05/23/2026
Most people would probably find this video boring.
Good.
A dog like Hershey used to experience the world very differently.
Hershey lived as a street dog in Lebanon before being adopted and relocated to Bancroft, Ontario — a quiet rural town, not exactly an overwhelming environment by most standards. But early on, even seeing people in the distance could push him into panic. On walks, his only goal was escape and getting home. At one point he slipped out of his harness trying to flee after spotting people further up the sidewalk.
This clip is around two minutes long, edited down from roughly 15 minutes sitting outside Tim Hortons.
No obedience.
No management routine.
No constant feedback. No “look at me.”
No food.
No corrections.
Just a dog existing in an environment that used to overwhelm him.

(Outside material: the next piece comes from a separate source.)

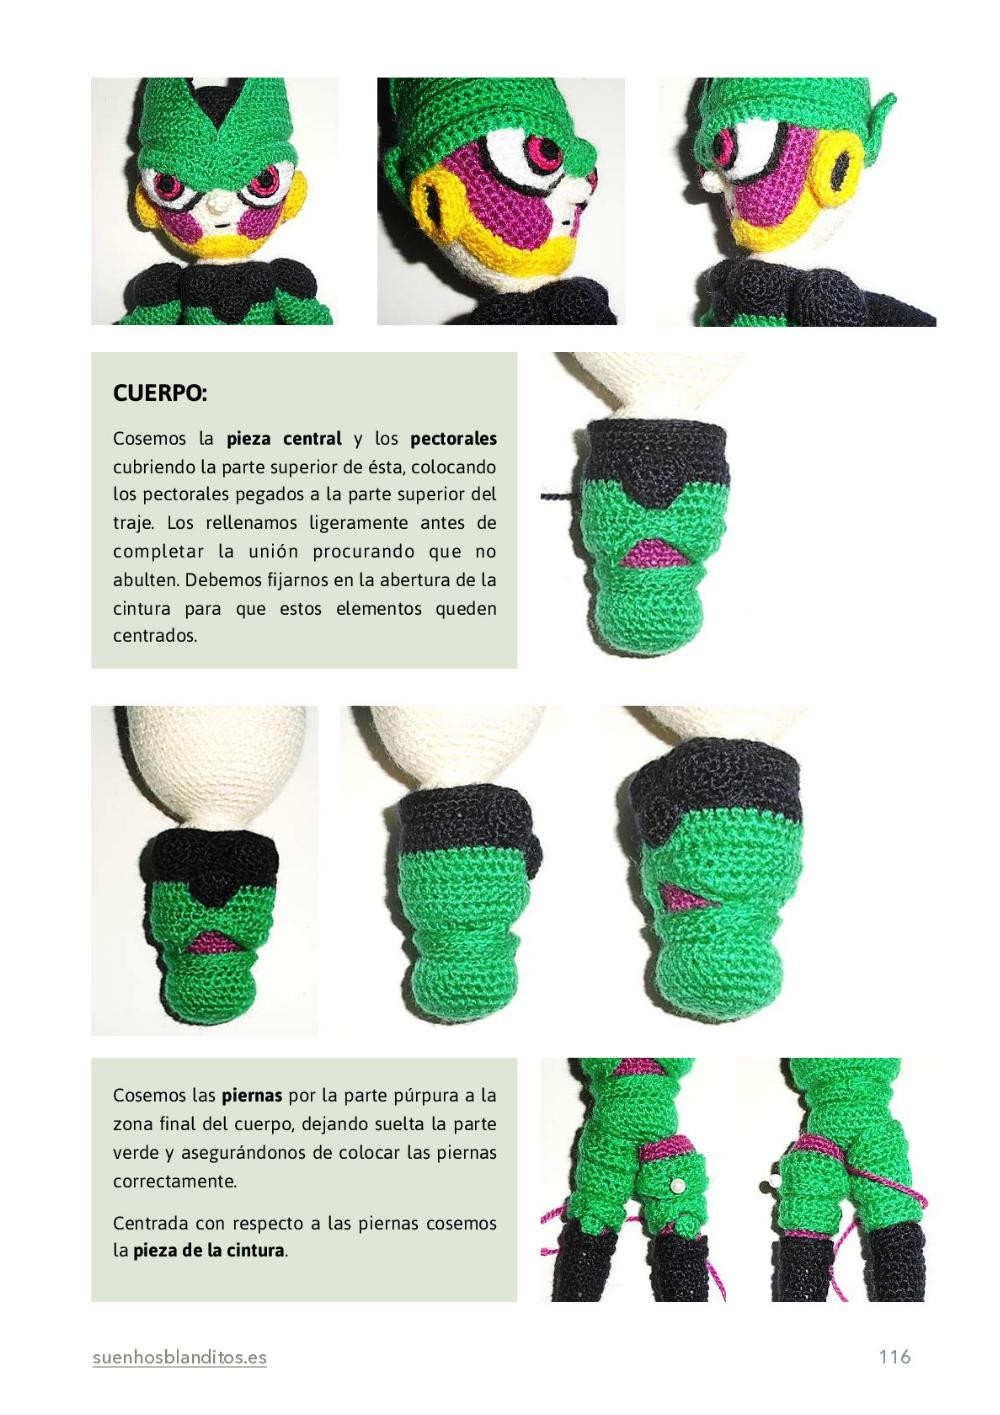 Tutorial de crochet de personajes de Dragon Ball para principiantes y avanzados

People come and go. Doors open and close. Movement happens around him. And none of it means anything important anymore.
That’s the shift.
A lot of fearful dogs live in a state where the world feels loaded with significance. Every person, sound, movement, or change in the environment gets pulled into a distorted picture frame. The dog isn’t observing calmly — they’re scanning, anticipating, preparing.

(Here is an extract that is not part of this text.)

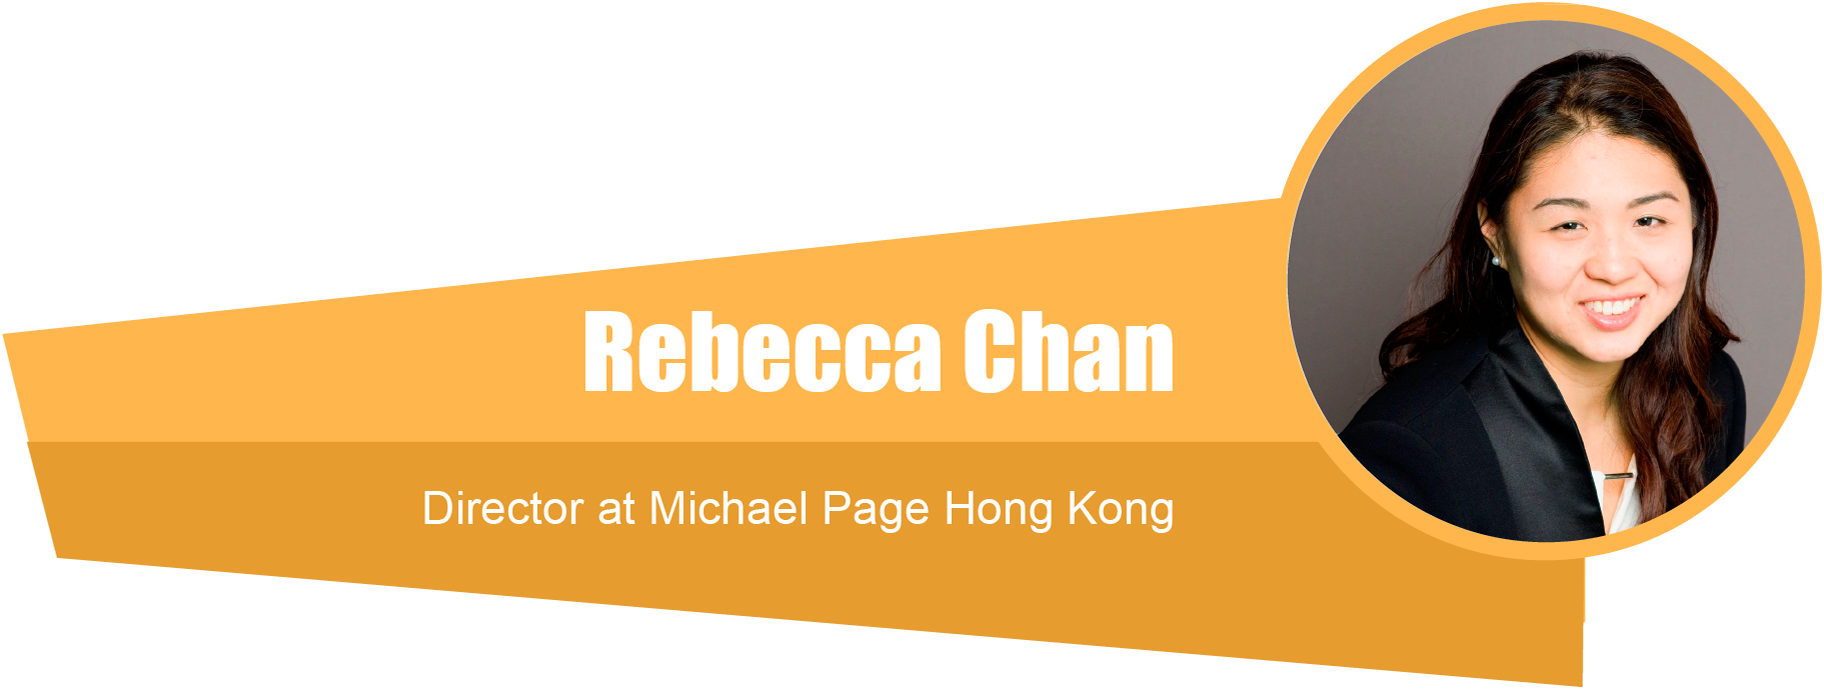 Rebecca Chan - Director at Michael Page Hong Kong

Part of rehabilitation is replacing that corrupt image of the world with a more accurate one.
Not through avoidance.
Not through endless reassurance.
Not through keeping the dog busy every second.
But through enough clear, honest experience that the environment stops feeling emotionally charged.
There are two moments in this clip where I touch him affectionately. Neither had anything to do with influencing his behaviour around people. No strategic timing. No reinforcement event. Just interaction.
The important part of this video is what isn’t happening.
No stress. No escalation. No attempt to flee. No emotional spiralling.
Just a dog calmly taking in the world and realizing he doesn’t need to do anything about it.